German general (1888–1943)

Wolfgang Fischer (11 December 1888 – 1 February 1943) was a German career military officer who served in the German army from 1910 until his death. As a Generalleutnant in the Wehrmacht of Nazi Germany during World War II, he was killed on 1 February 1943 west of Kairouan in Tunisia when his staff car drove into a small Italian minefield marked by barbed wire and hit a land mine. He lost his left arm and both of his legs in the blast. He bled to death while writing a farewell letter to his wife.

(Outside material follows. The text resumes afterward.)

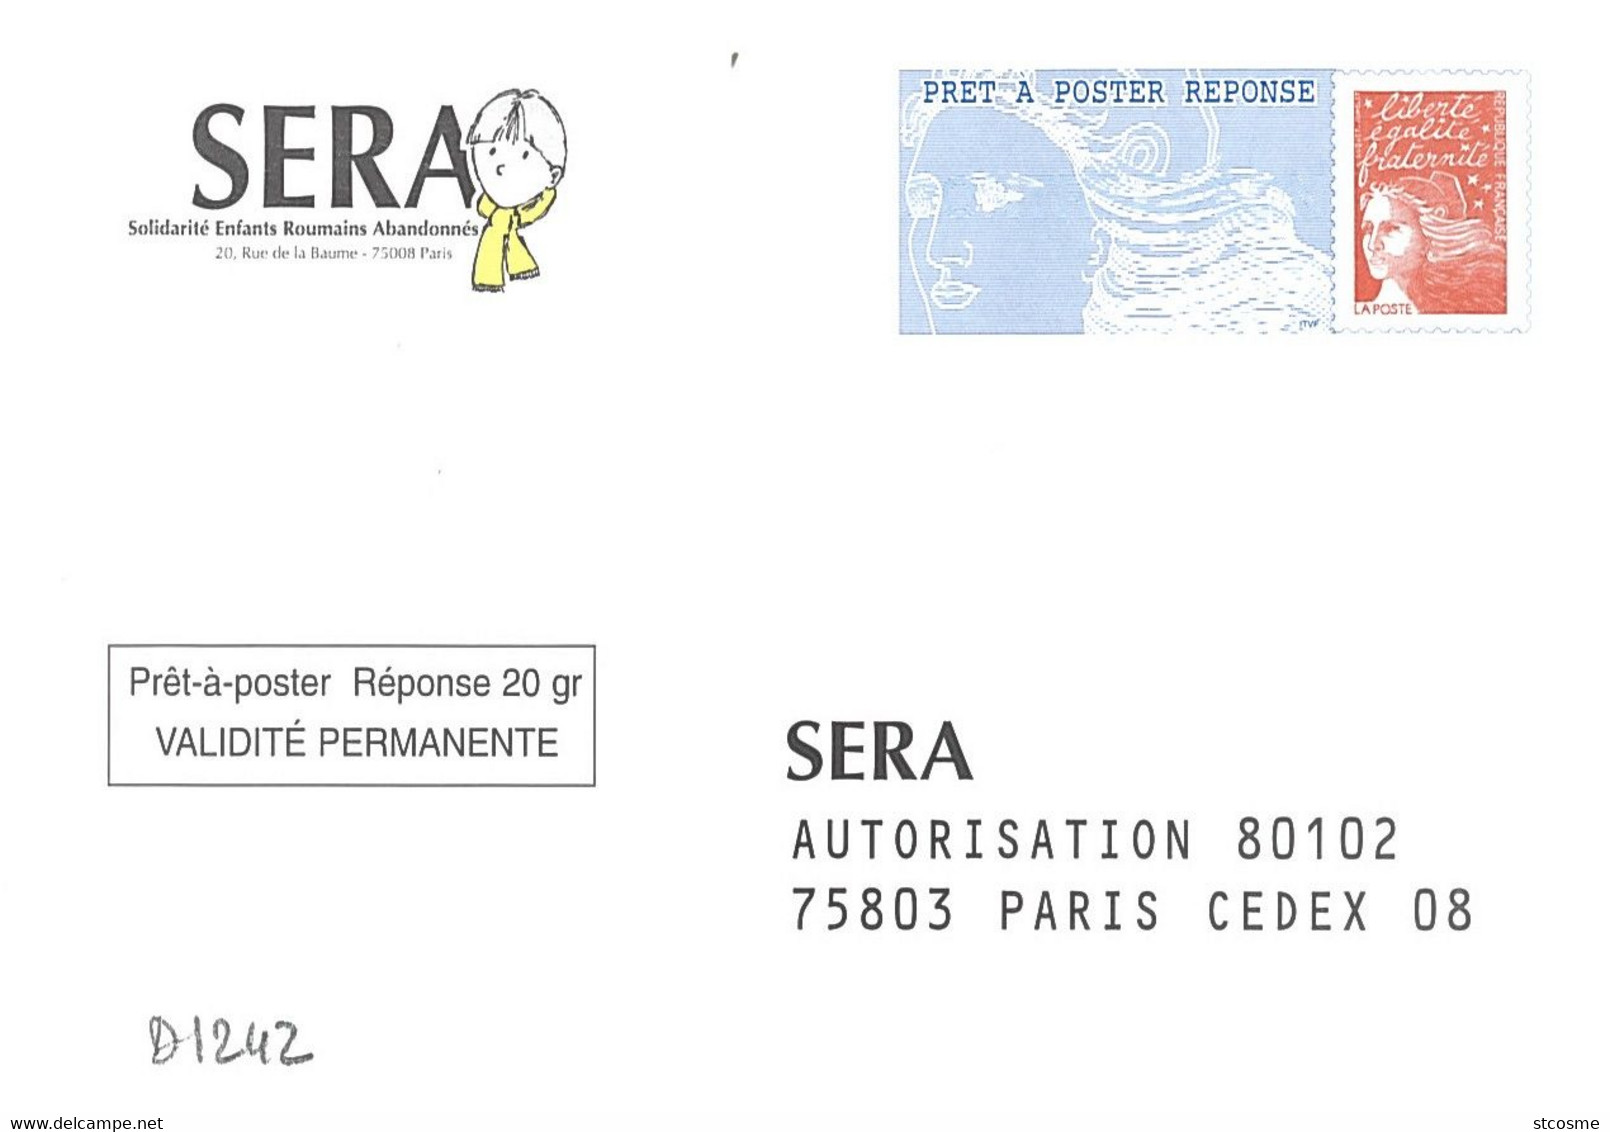 D1242 - Entier / Stationery / PSE - PAP Réponse Luquet - SERA ( Sans Agrément ) - Prêts-à-poster:Answer/Luquet

== Early life and World War I ==
Fischer was born in 1888 at Carolath in Silesia (today, Siedlisko in Poland). He began his military career in the Royal Prussian Army by joining the 154th (5th Lower Silesian) Infantry Regiment with the rank of Fahnenjunker on 18 March 1910. When World War I broke out, he was transferred to the 7th Landwehr Infantry Regiment as a platoon leader. He was later named adjutant of the 3rd Landwehr Division in late 1915. He held the same position with the 22nd Landwehr Infantry Brigade in the fall of 1917, serving on the western front. He remained in this post until the end of the war, attaining the rank of Hauptmann.

== Interwar years ==
Fischer joined a battalion of Freikorps volunteers during the German Revolution of 1918–1919. He was accepted into the post-war Reichswehr in 1919, and was assigned to the 3rd (Prussian) Infantry Regiment at Deutsch Eylau (now Iława, Poland) from 1920 to 1929. Between 1929 and 1934, he was a company commander in the 6th Infantry Regiment at Lübeck. He advanced to a battalion commander in the 46th Infantry Regiment from October 1934 to September 1937, when he was attached to the staff of the 69th Infantry Regiment. As an Oberst, Fischer was made commander of the regiment on 4 February 1938 during the Blomberg–Fritsch affair.

== World War II ==
Fischer commanded the 69th Infantry Regiment until October 1939, and the 10th Rifle Brigade of the 10th Panzer Division from October 1939 to August 1941. He was promoted to Generalmajor on 1 August 1941, a day before he took command of the 10th Panzer Division, and to Generalleutnant on 1 November 1942.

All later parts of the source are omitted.